The County shall use and disclose de-identified information only if the Privacy Officer has verified that the information is in fact de-identified. De-identified information is not PHI, so once the information has been approved as de-identified information, the County may freely use and disclose the de-identified information.

The Privacy Rules require that the County verify the identity and authority of persons or entities exercising their individual rights or otherwise seeking access to PHI (if the identity or authority is not known). County employees shall use reasonable verification steps, such as those outlined in the Verification Procedure. If a County employee is unable to verify identity, the County employee shall discuss the request for PHI with the Privacy Officer.¹⁹

¹⁹ 45 CFR 164.514(h).

The Privacy Rules require the County to maintain documentation of its compliance with the Privacy Rules. The County shall maintain records pursuant to the Documentation and Record Retention Requirements Procedure.

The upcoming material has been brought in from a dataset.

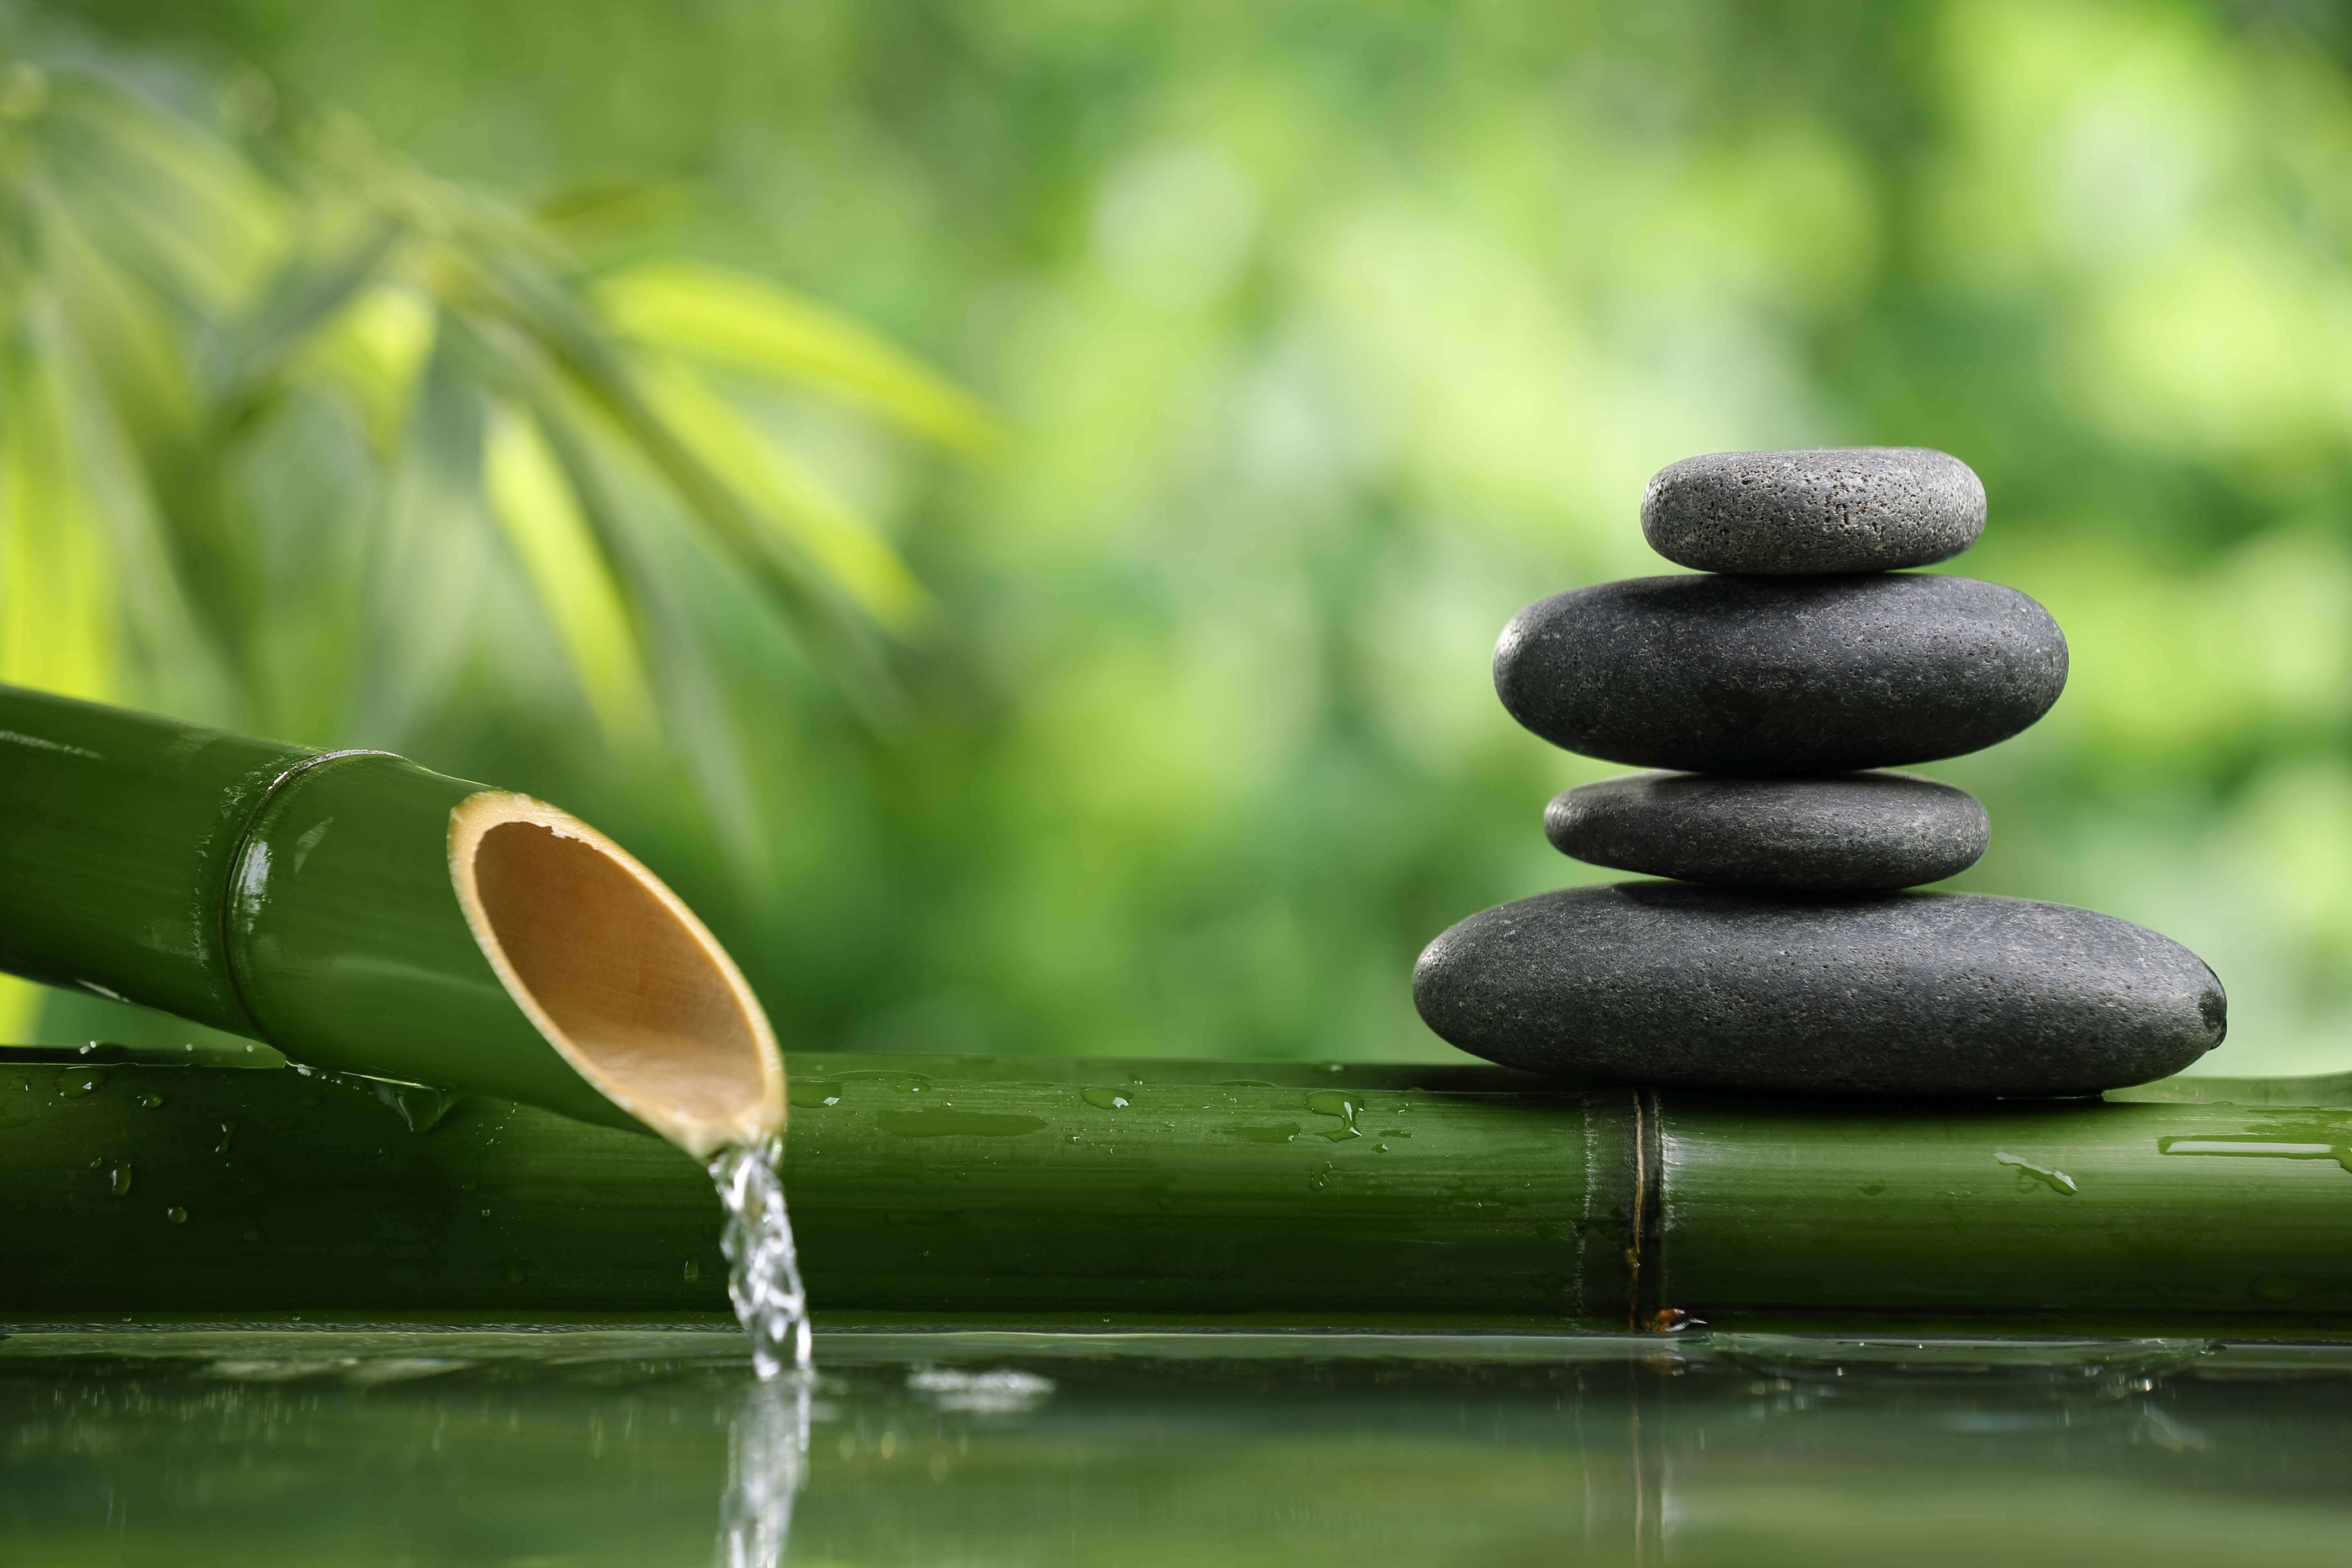 zen como fondos de pantalla Images for relaxing zen like wallpapers 2800x1867

The Privacy Rules require that the County minimize as much as possible any harmful effects resulting from an unauthorized use or disclosure of PHI that comes to the County's attention.

When an employee of the County becomes aware of a use or disclosure of PHI that is not in compliance with these Policies and Procedures, the employee must immediately notify the Privacy Officer of the unauthorized use or disclosure. The Privacy Officer shall:

• Determine if there are steps that should be taken immediately to prevent any further potential harm to individuals whose PHI is involved in the unauthorized use, and take reasonable and appropriate action to prevent further potential harm. The Privacy Officer may consult as necessary with the County management and legal counsel.
• Document the known details of the unauthorized use or disclosure for purposes of responding to a request for an accounting of disclosures.
• Follow any other instructions given by the Privacy Officer to minimize any harm resulting from the use or disclosure.
  • If appropriate, follow the Breach Notification Policy contained in the County's Security Policies and Procedures.
  • Evaluate current policies and procedures to determine whether modifications are appropriate.